La plainte a provoqué l’intervention de Lubomír Zaorálek, le ministre tchèque de la culture, qui a accusé la réalisatrice de ne pas faire preuve d’empathie envers les survivants et lui a dit de démissionner sous peine d’être limogée.

Lehmannová – qui a choisi de démissionner, incitant 10 autres membres du conseil d’administration à démissionner en soutien – reste sans excuse. « La critique était que je n’ai pas dit que cela ne s’était jamais produit », a-t-elle déclaré à the Observer. « Ils savent que l’histoire est vraie, mais le problème est que le récit de Lidice n’est plus aussi clair qu’ils le souhaitent. Cela gâche le statut de victime pure.

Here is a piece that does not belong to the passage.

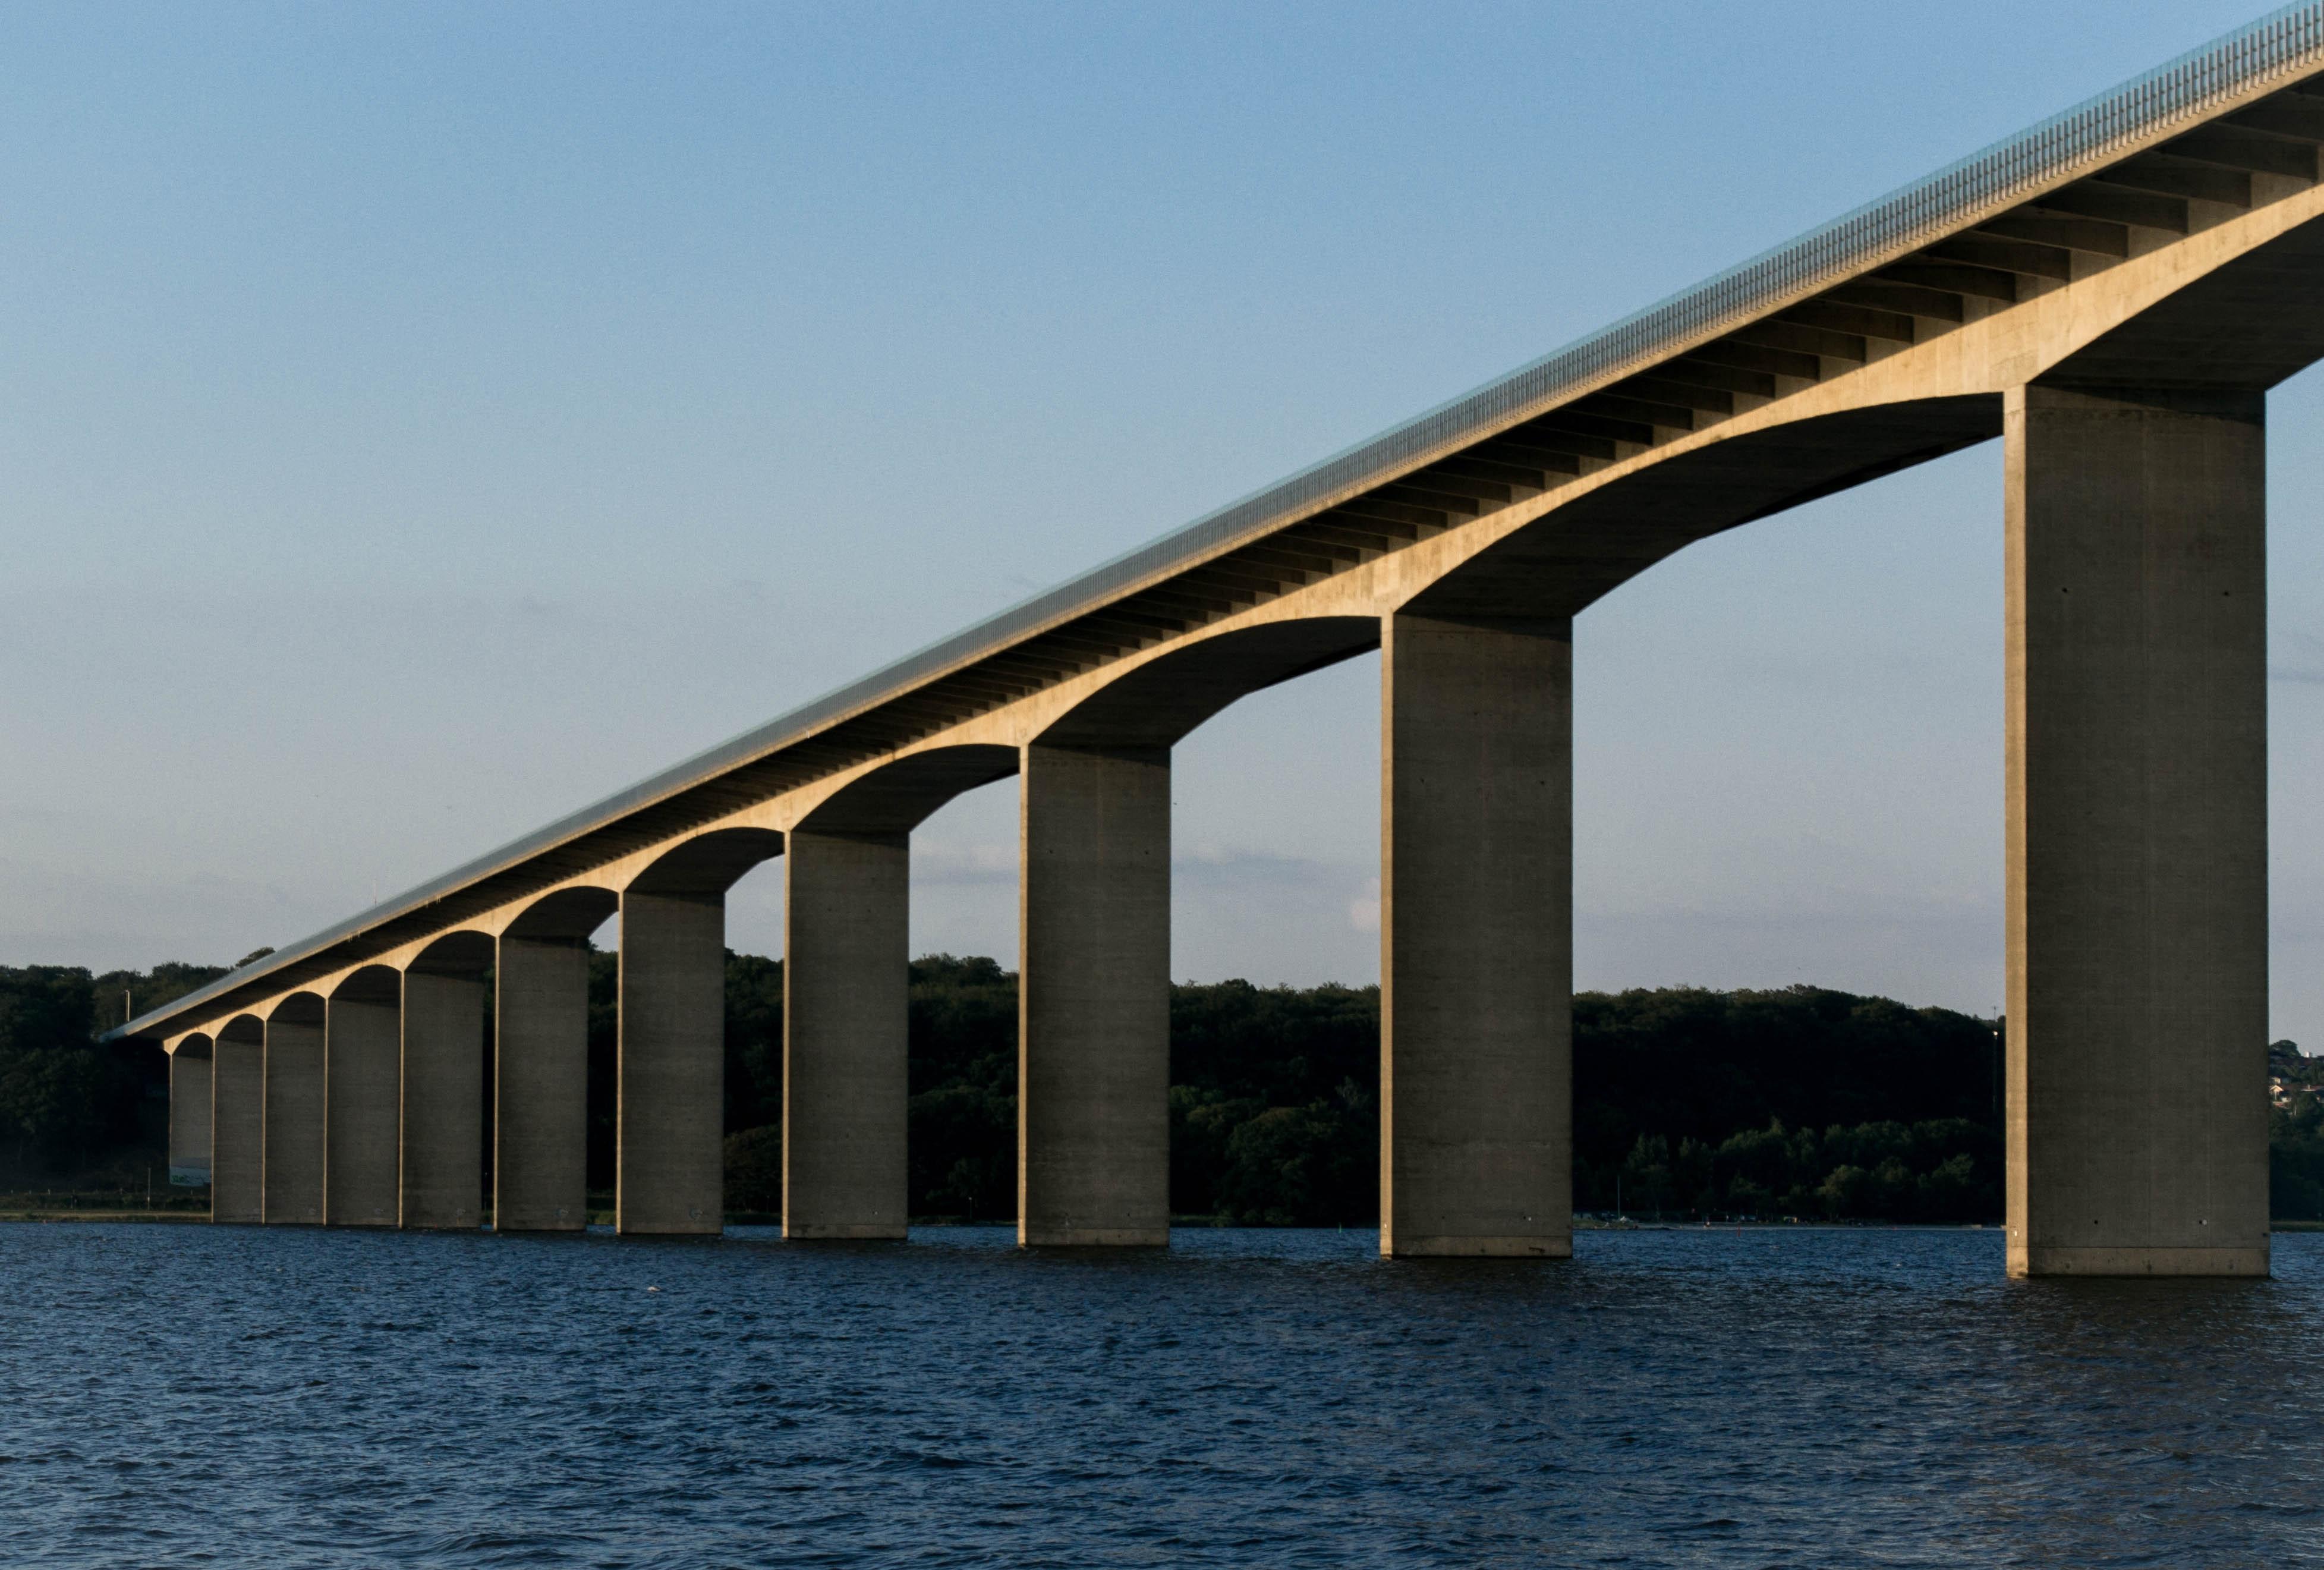 architecture-bridge-canada-53780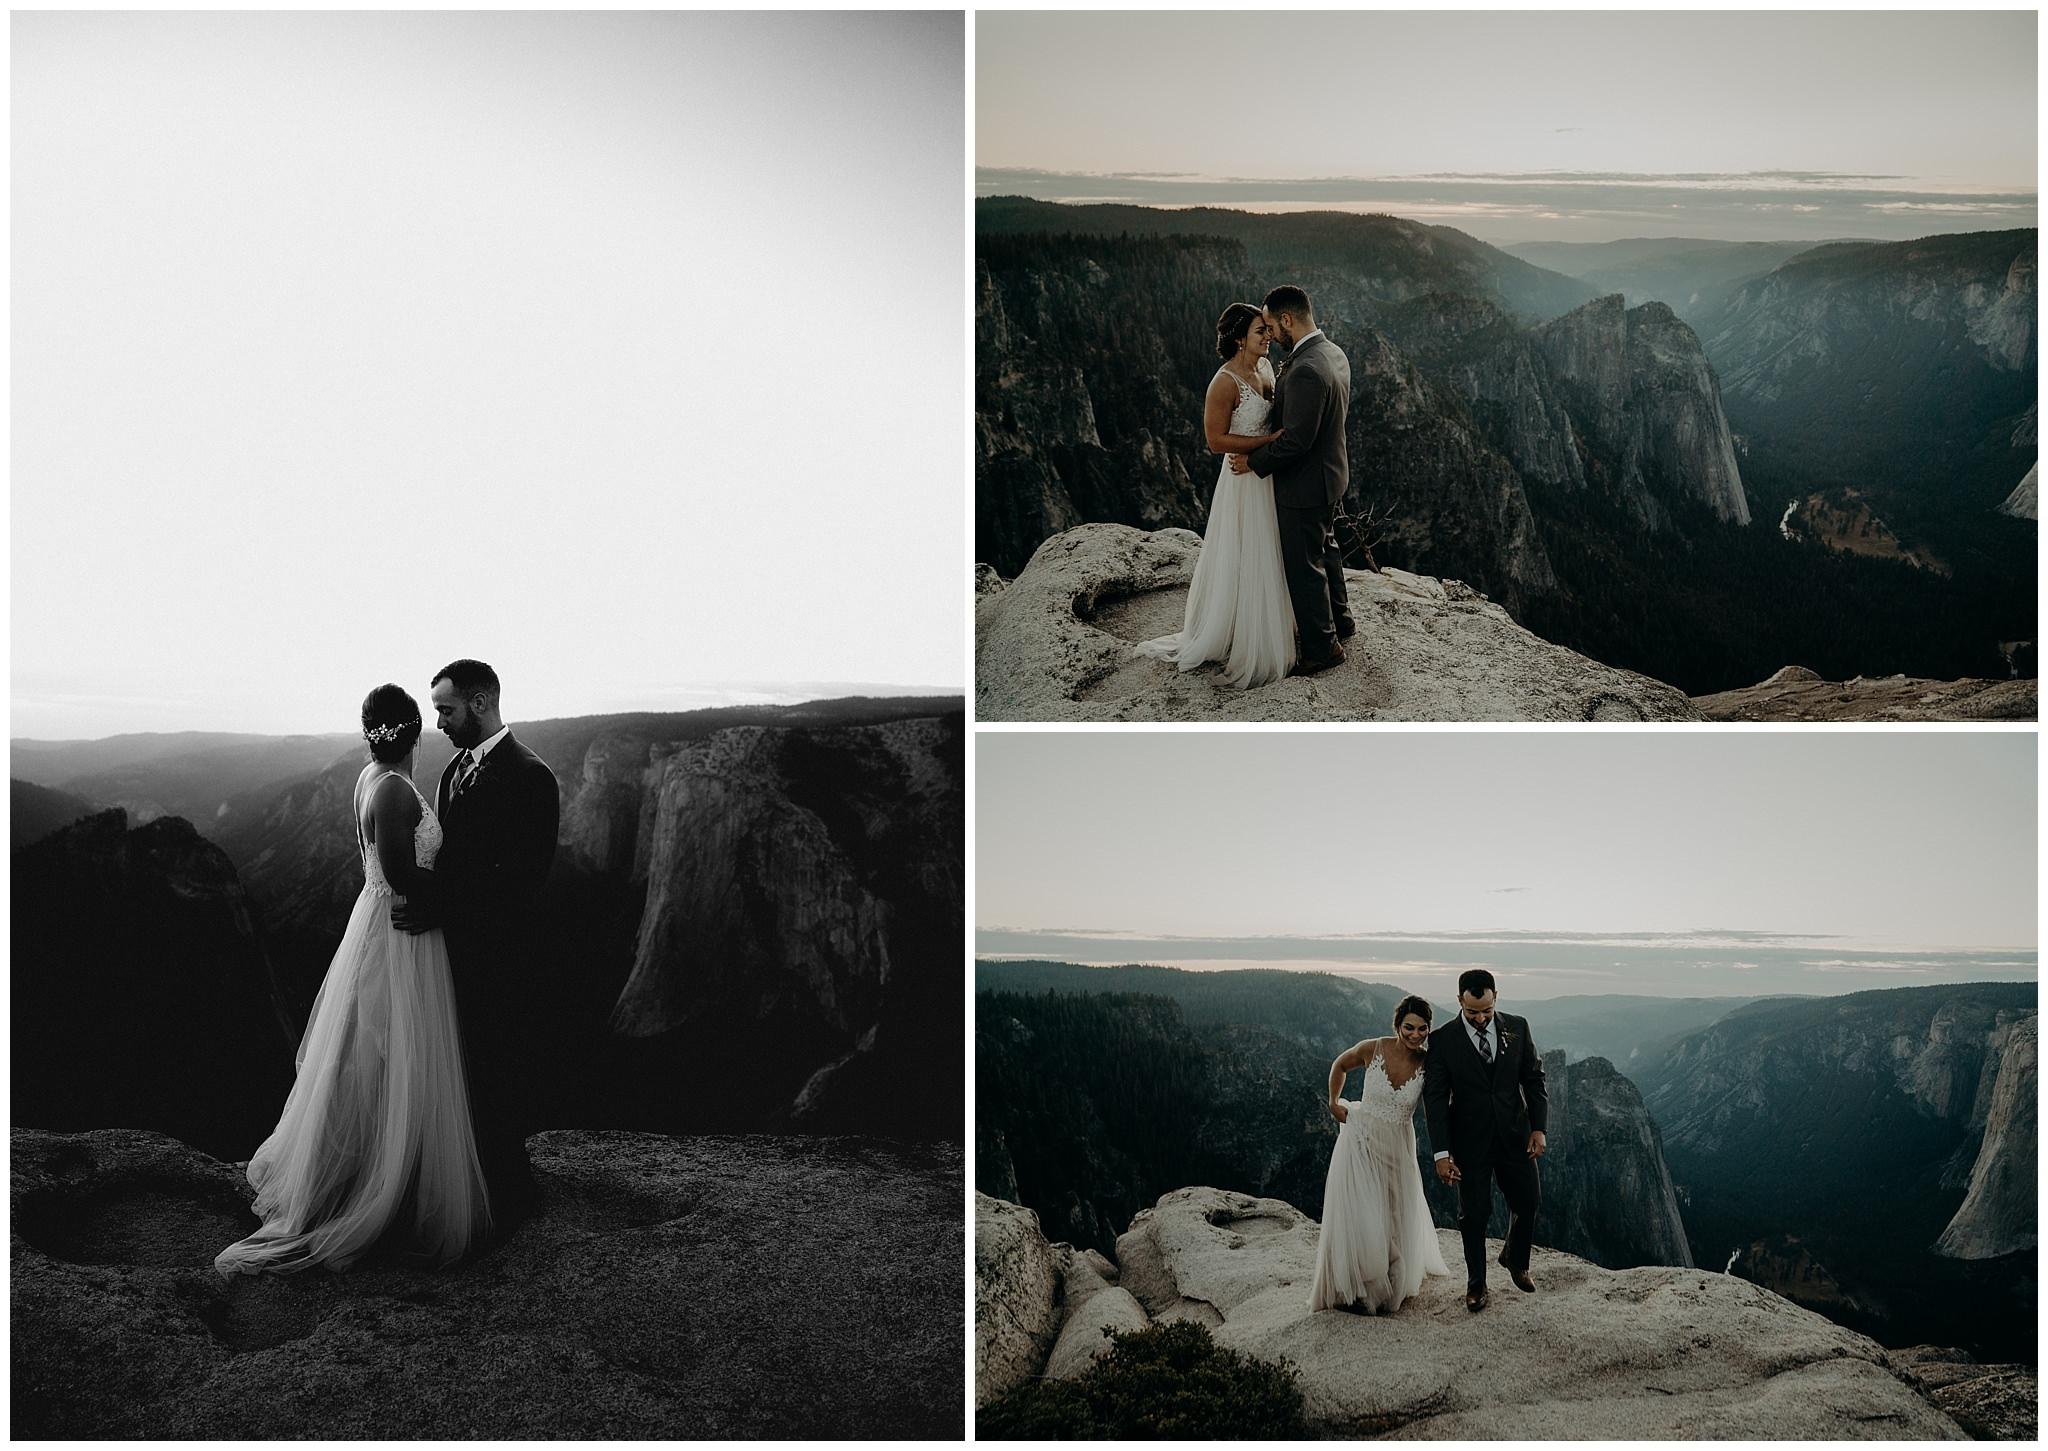 yosemite-national-park-wedding7.jpg

« Il y a beaucoup d’histoires de la seconde guerre mondiale qui décrivent des choses très compliquées. Mais nous sommes maintenant au 21e siècle et nous ne pouvons pas choisir des informations du passé. Nous ne pouvons pas dire que telle ou telle histoire est gênante par rapport à ce que nous savions auparavant. »

Elle a été remplacée par Eduard Stehlík, historien militaire et ancien officier de l’armée qui a écrit deux livres sur Lidice. Il a mis en doute les recherches de Kyncl et a déclaré que Lidice avait été « cloué au pilori ».

Kyncl, membre de l’académie tchèque des sciences, a insisté sur le fait que son récit de l’arrestation de Mikešová était exact et a exprimé son soutien à Lehmannová. « J’ai les documents officiels originaux qui ont été approuvés et vérifiés par ses supérieurs de gendarmerie », a-t-il déclaré.  » Je n’ai aucun doute sur l’authenticité.

 » Martina Lehmannová n’a fait que remplir son devoir. L’affaire politique a servi à restituer l’interprétation de l’histoire dans l’esprit de l’ancien régime communiste « , a-t-il déclaré.

• Cet article a été modifié le 16 mars 2020 parce qu’une version antérieure faisait incorrectement référence à Heydrich mourant de « blessures par balle ».